# Headlight bulb



## Fireworks234 (Jan 4, 2018)

Definitely 9005. Ignore the website info. They're referencing the other housings.


----------



## DanD34 (Nov 19, 2021)

Fireworks234 said:


> Definitely 9005. Ignore the website info. They're referencing the other housings.


Well the funny part is that for the regular housing they do say 9005 for the high beams. I have the projector housing and it has 9005 as well. Oh well. No big deal but kind of annoying since I bought 9012 bulbs.


----------



## marmalou (Dec 30, 2020)

The high beam and regular headlight use the same 9005 bulb, turning on high beams lifts a mechanical shutter to uncover the full output of the 9005 bulb

Thats my understanding for the projector headlights.


----------



## DanD34 (Nov 19, 2021)

marmalou said:


> The high beam and regular headlight use the same 9005 bulb, turning on high beams lifts a mechanical shutter to uncover the full output of the 9005 bulb
> 
> Thats my understanding for the projector headlights.

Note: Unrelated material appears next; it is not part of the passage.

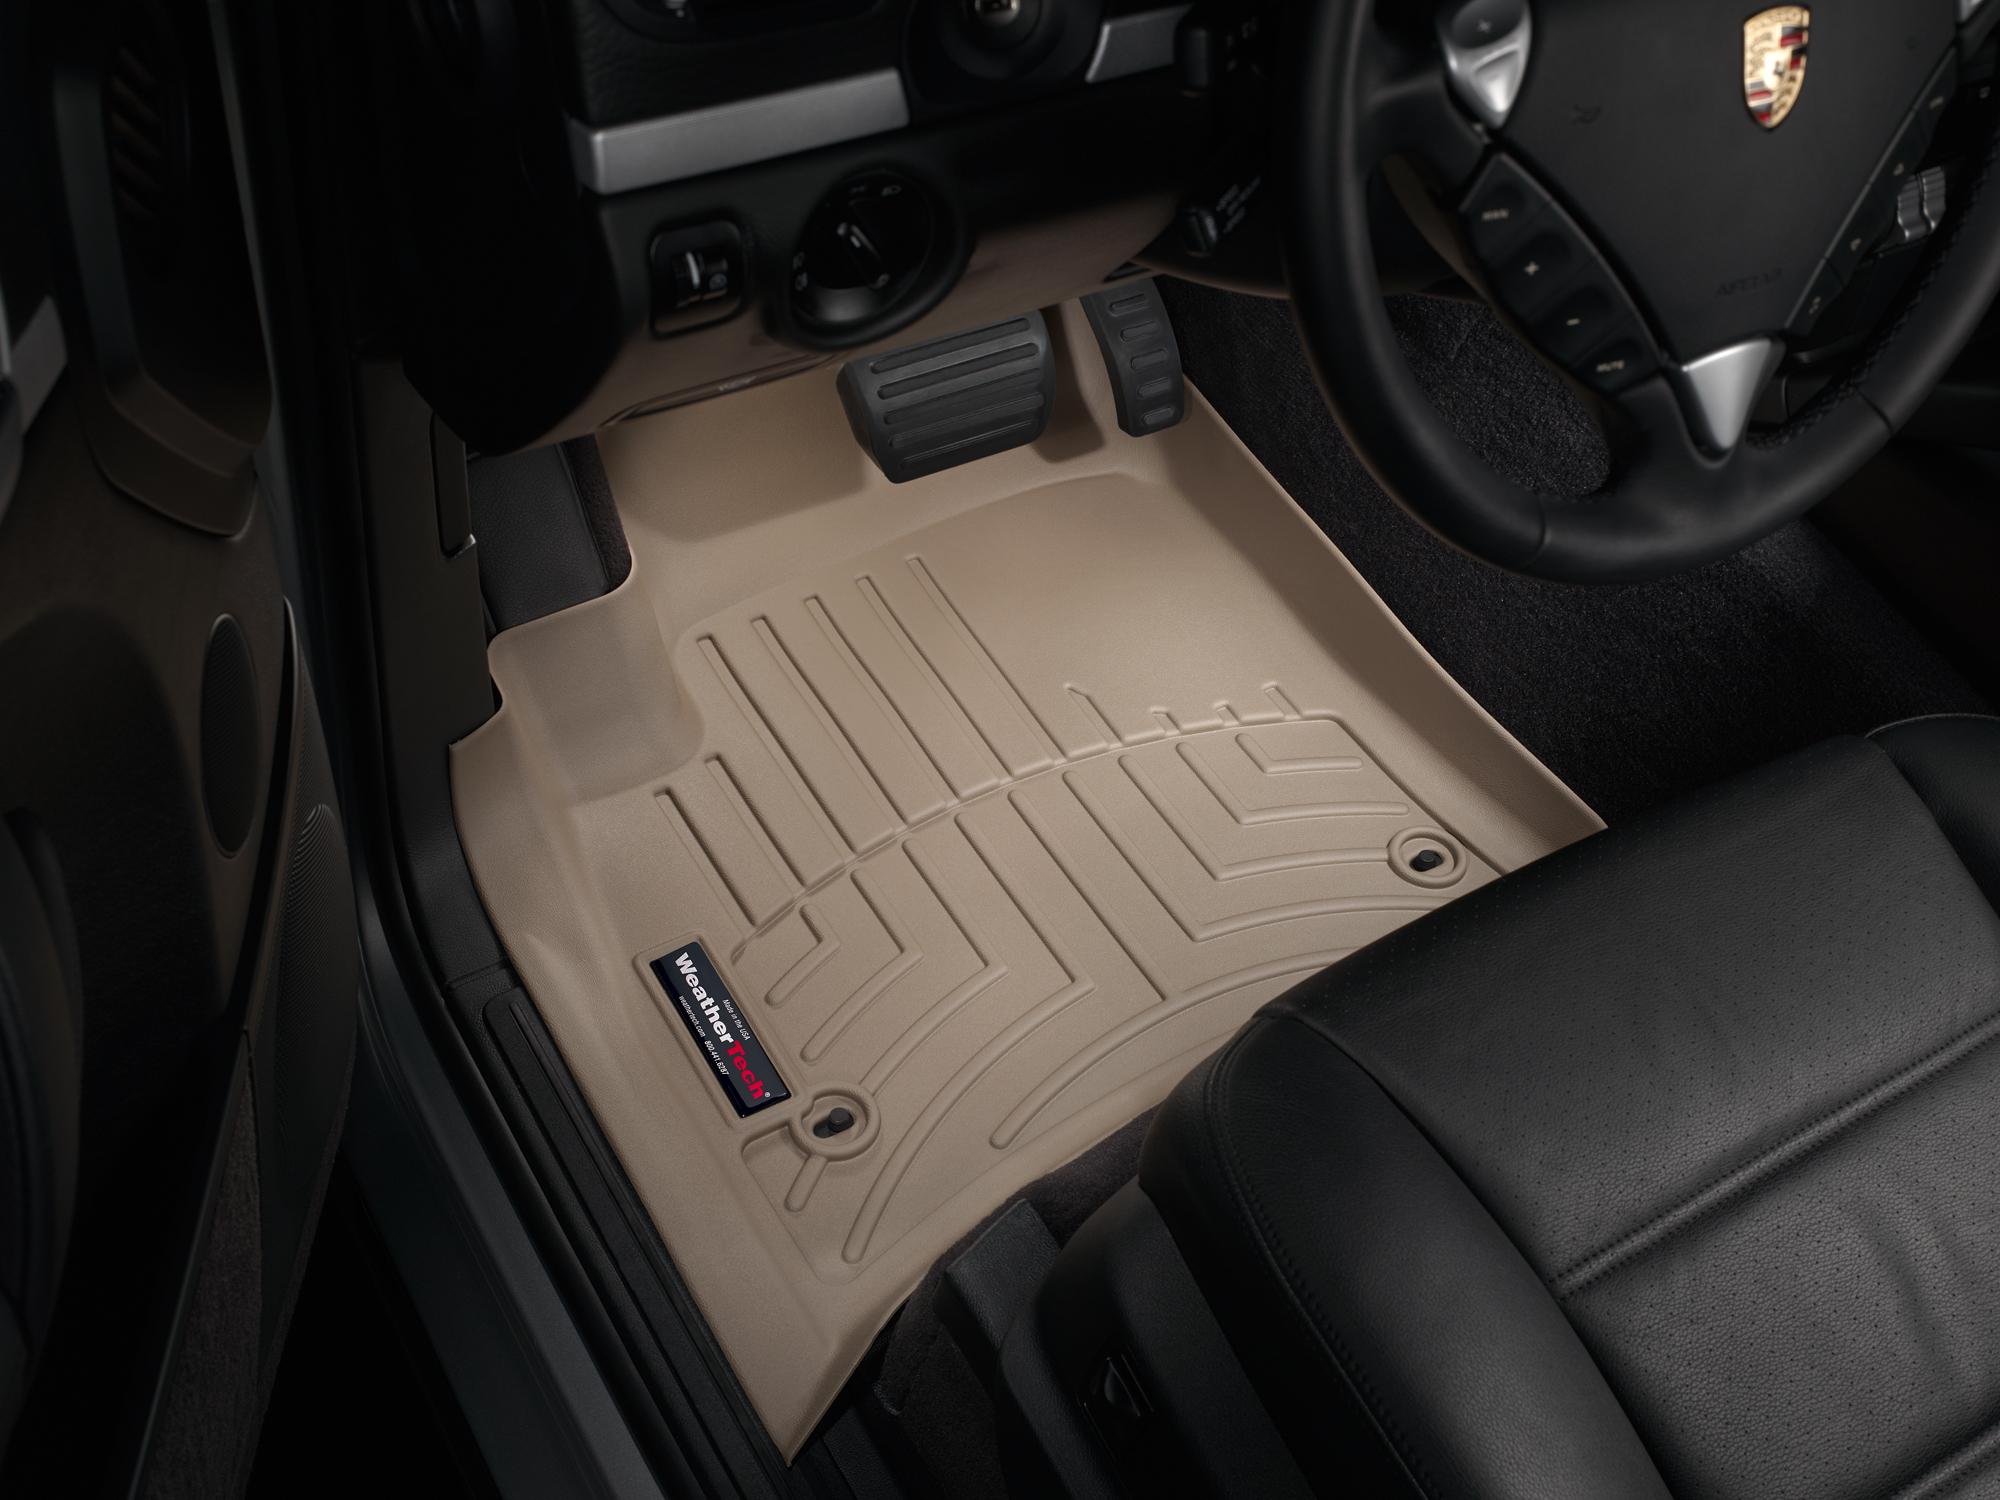 Tappeti gomma su misura bordo alto Volkswagen Touareg 02>06 Marrone A4280*

That is exactly how a projector housing works. You are correct. My comment was about the fact that every catalog from rockauto to Napa to oreilly listed a 9012 bulb as the one needed for the projector housing while a 9005 was the high beam for the regular reflector housing. Thus my frustration after buying 9012 bulbs and taking out my old bulb from the projector housing and discovering it was a 9005.


----------



## cruzin.usa (Jan 3, 2022)

Phillips listed a 9012 SVB2 lamp. Sylvania was just 9012.


----------